= COLLECTED DATA =

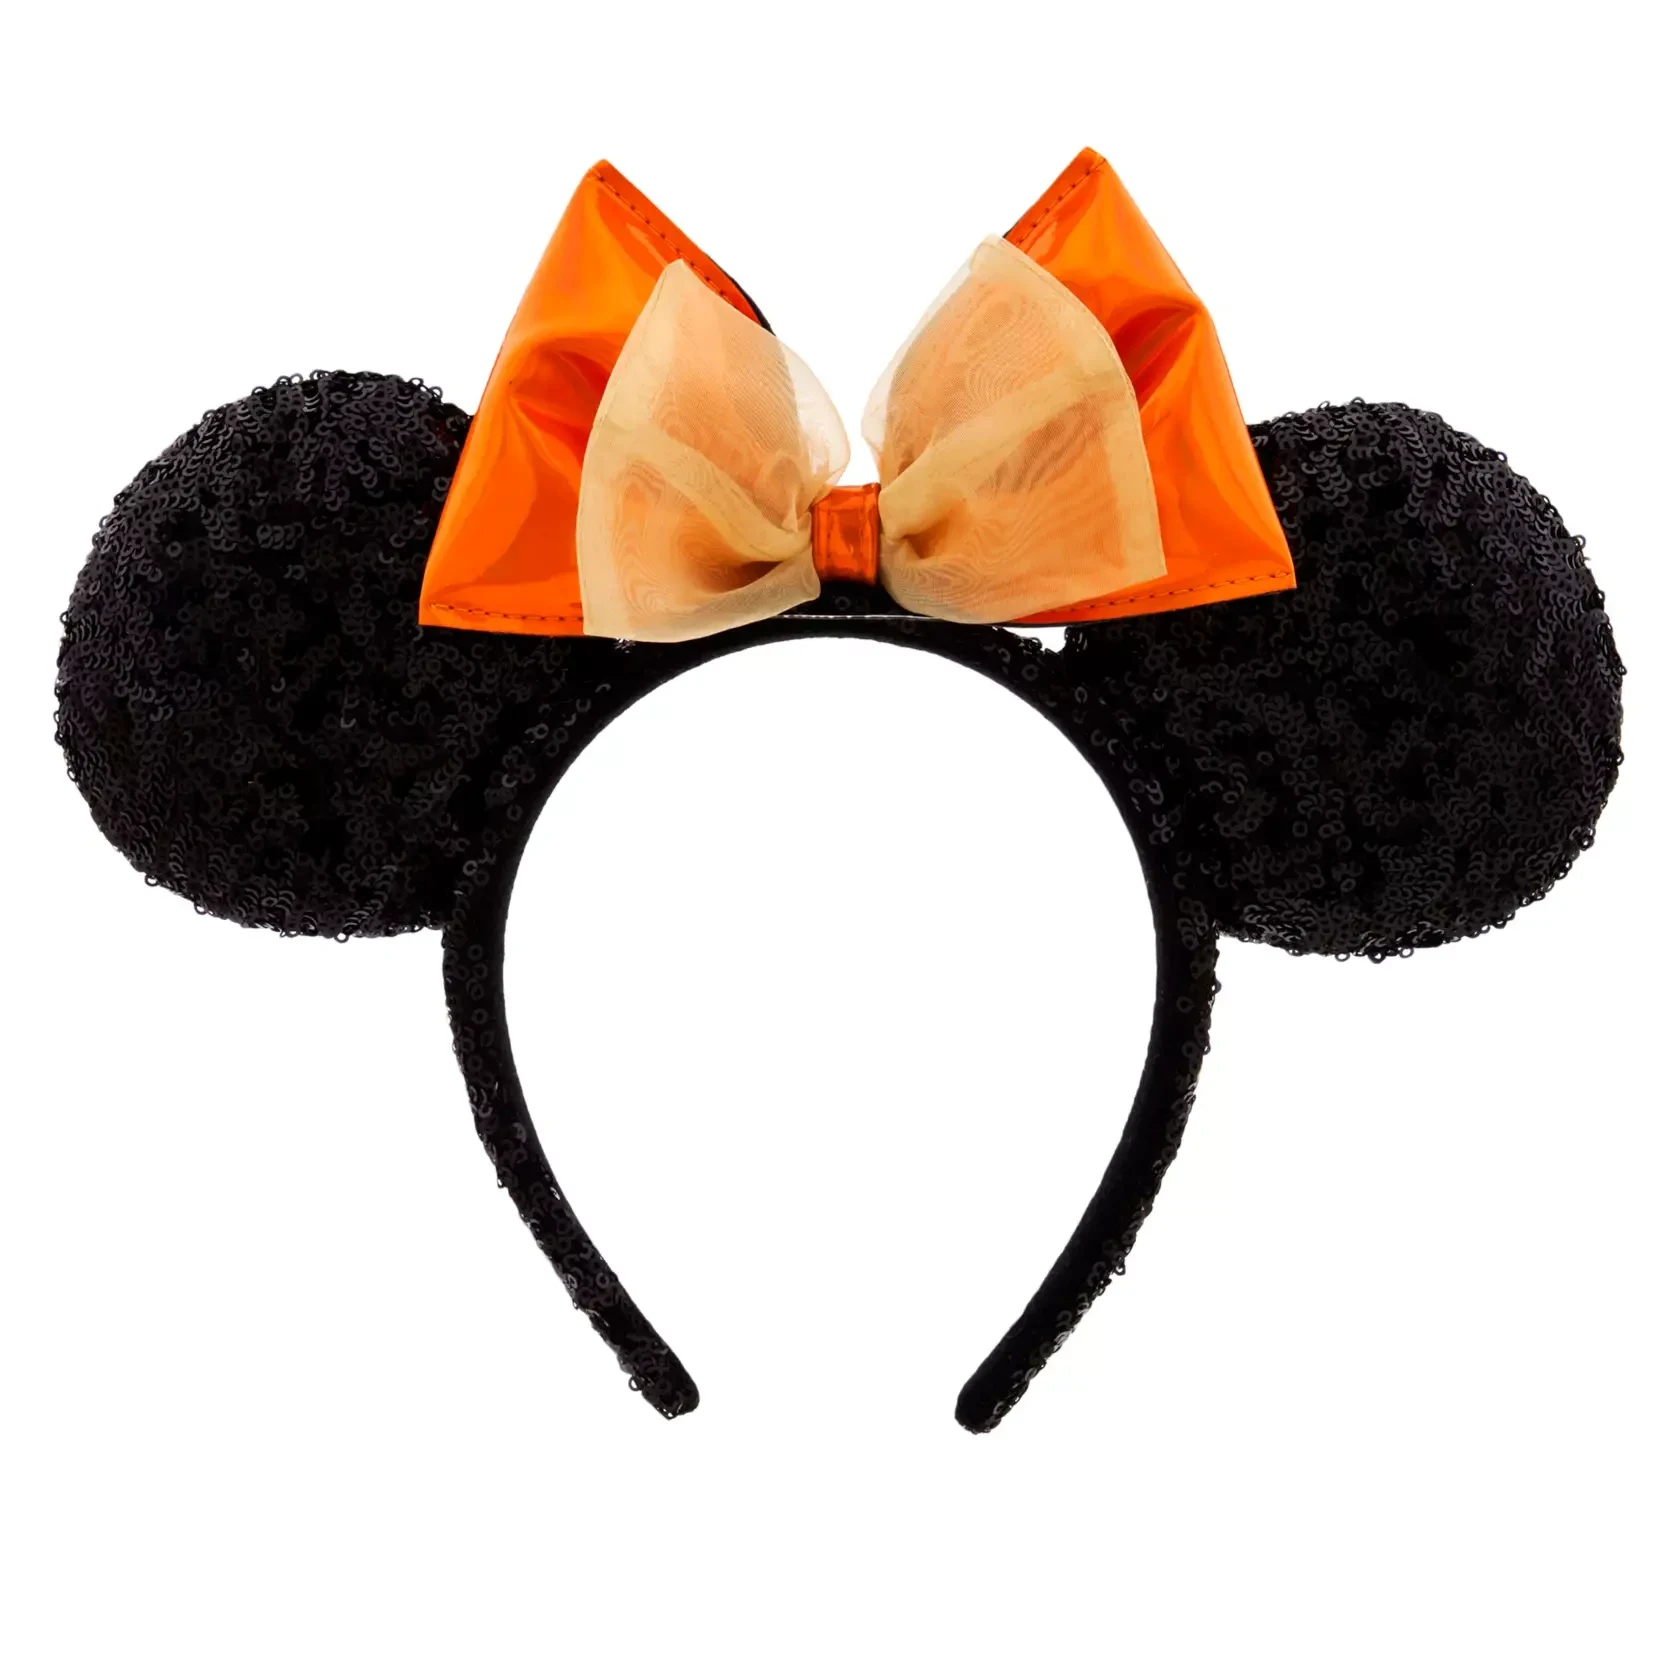 item Disney Parks - Minnie Mouse Ears Headband -Orange Bow 4503105485902fmtwebpqlt70wid1680h
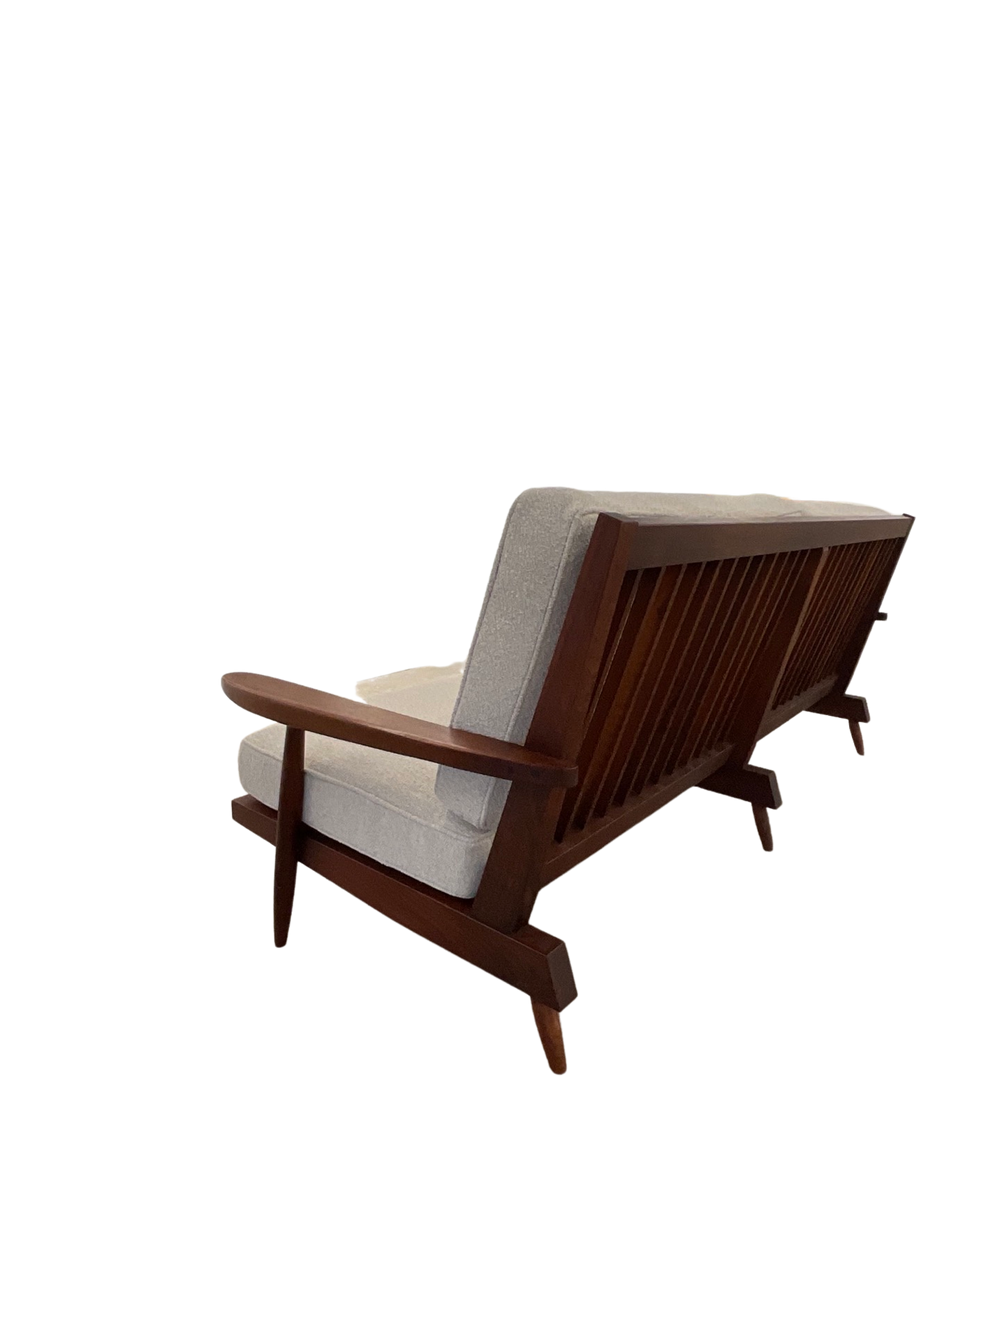 George Nakashima “Cushion” three seat walnut sofa with arms, USA, 1961
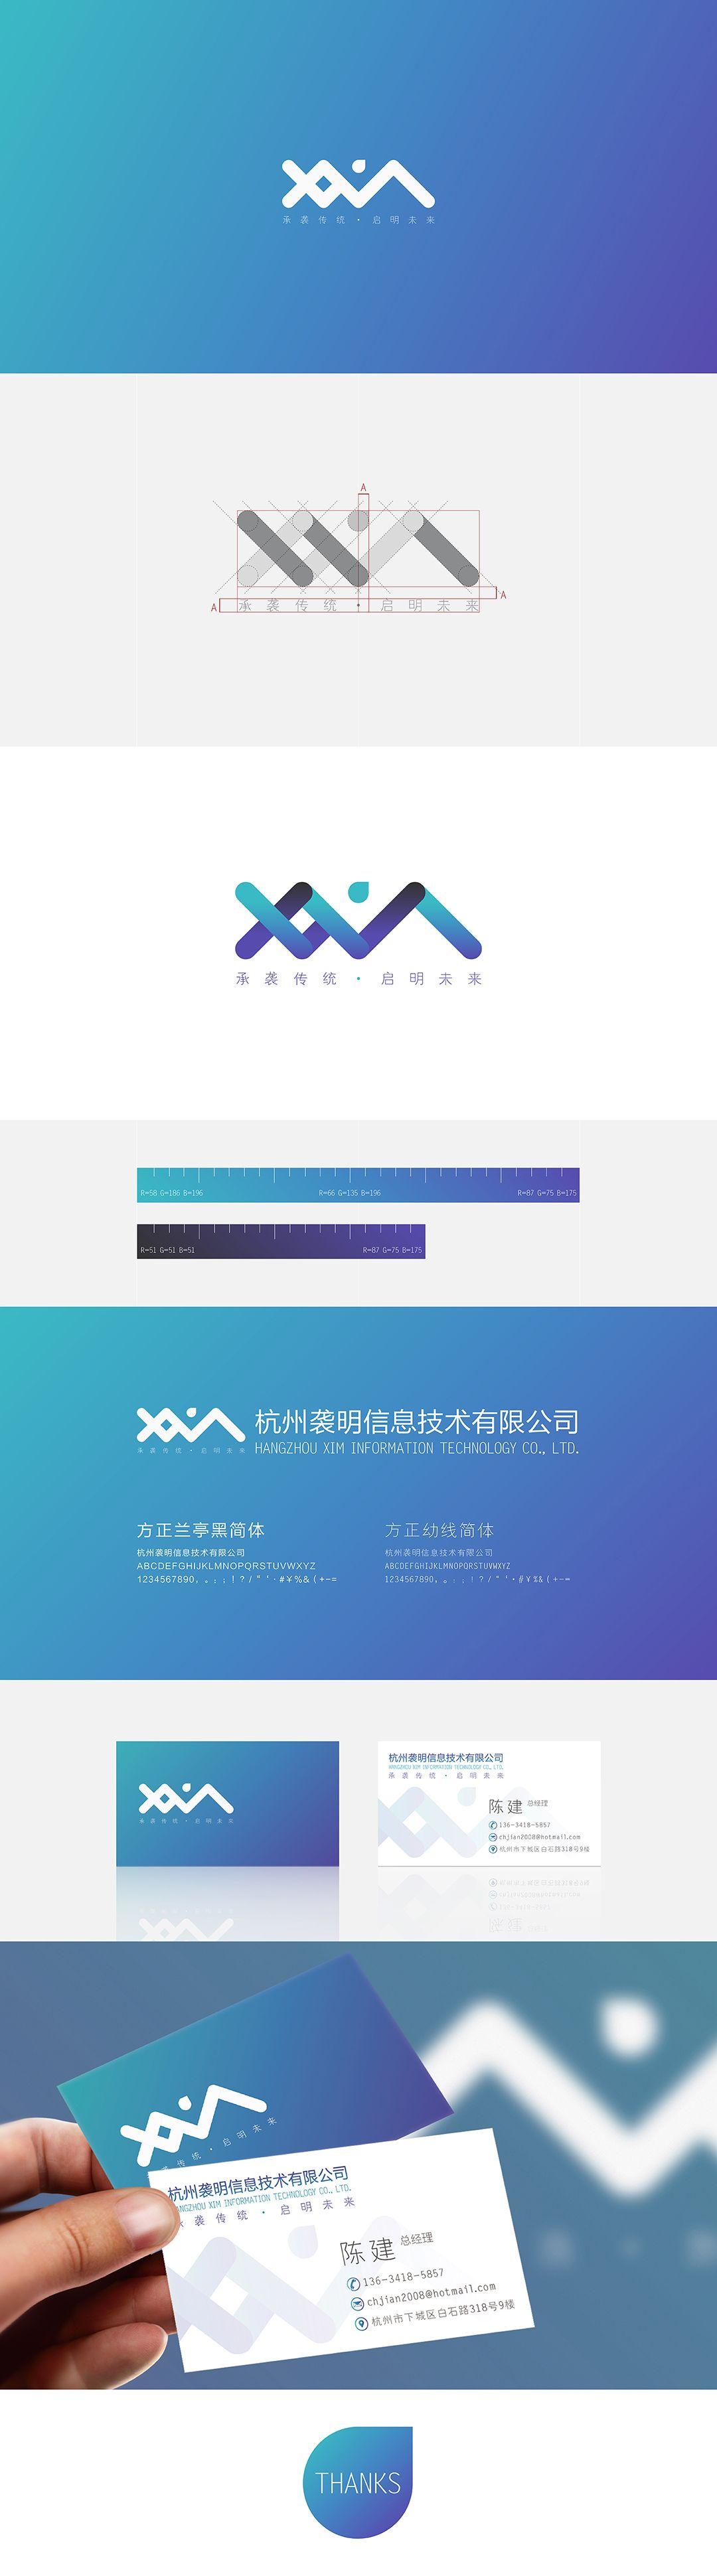 Xim Logo - XIM LOGO on Behance

= ACTIVITY =
Reprint the data verbatim, pictures excluded.

= RESPONSE BOX =
 item Disney Parks - Minnie Mouse Ears Headband -Orange Bow 4503105485902fmtwebpqlt70wid1680h
 George Nakashima “Cushion” three seat walnut sofa with arms, USA, 1961
 Xim Logo - XIM LOGO on Behance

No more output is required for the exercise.